The RAM usage is linearly correlated with N on datasets master!

For my test dataset:

  • N=5 => RAM usage increase: 26302.91 MB
  • N=10 => RAM usage increase: 52315.18 MB
  • N=20 => RAM usage increase: 104510.65 MB
  • N=40 => RAM usage increase: 209166.30 MB

Unfortunately, your patch doesn't seem to change this:

pip install git+https://github.com/sam-hey/datasets.git@fix/concatenate_datasets
pip list | grep datasets
datasets                 3.5.1.dev0

Gives exactly the same RAM statistics.

Edit: The results are a bit flawed as the memory increase all seems to come from Dataset.load_from_disk(dataset_path, keep_in_memory=False) here (which I don't think should happen either?) and not from concatenate_datasets. This seems different from my large-scale setup that runs out of memory during concatenate_datasets but I don't seem to be able to replicate this here...

nepfaff avatar Apr 03 '25 03:04 nepfaff

Thanks a lot, @nepfaff, for taking a look at this! It seems that concatenate_datasets() is fixed with this PR. I can also confirm that loading a large number of files requires significant memory. However, as I understand it, this is expected/a bug since the memory consumption stems from pa.memory_map(), which returns a memory-mapped file.

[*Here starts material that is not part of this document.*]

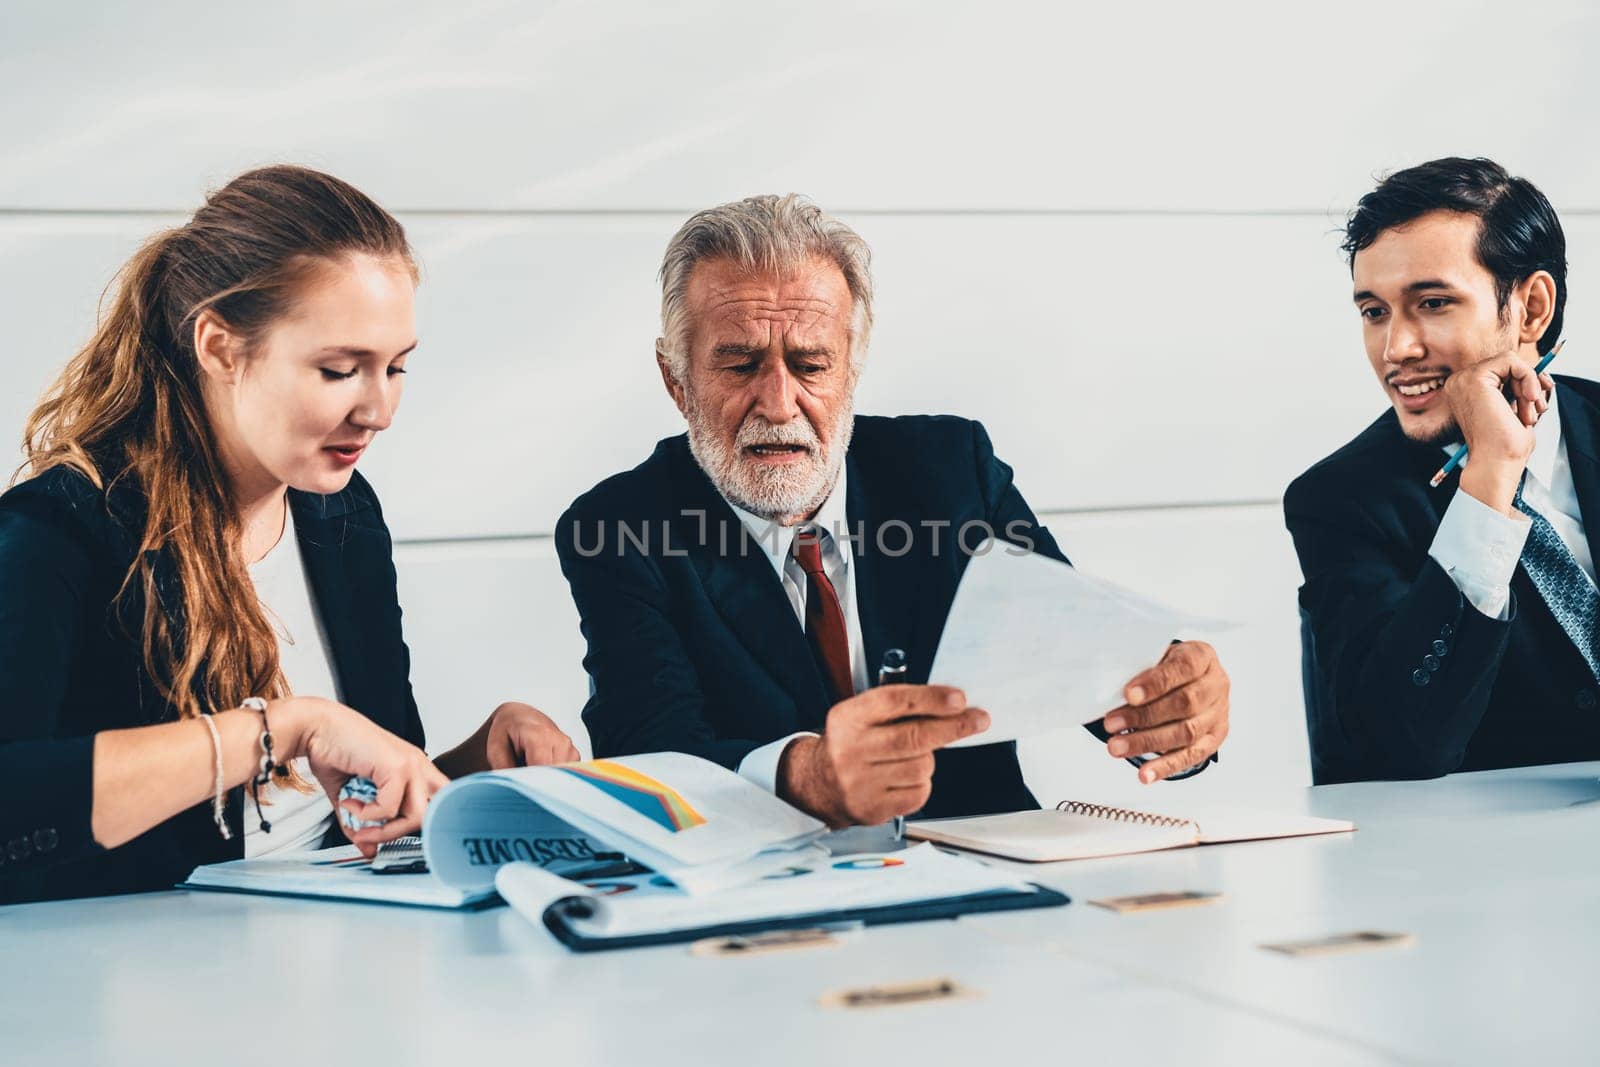 Senior old executive manager working with young businesspeople in office meeting room. Old man is company leader sitting with secretary and translator. International corporate business concept. uds

This behavior might be related to this bug: https://github.com/apache/arrow/issues/34423

Screenshot 2025-04-03 at 16 01 11

sam-hey avatar Apr 03 '25 13:04 sam-hey

Great ! have you tested that it also fixes the memory issue in your case @iamollas ?

Happy to know that it works for you @sam-hey ! Looking forward to merging this

lhoestq avatar Apr 24 '25 16:04 lhoestq

The docs for this PR live here. All of your documentation changes will be reflected on that endpoint. The docs are available until 30 days after the last update.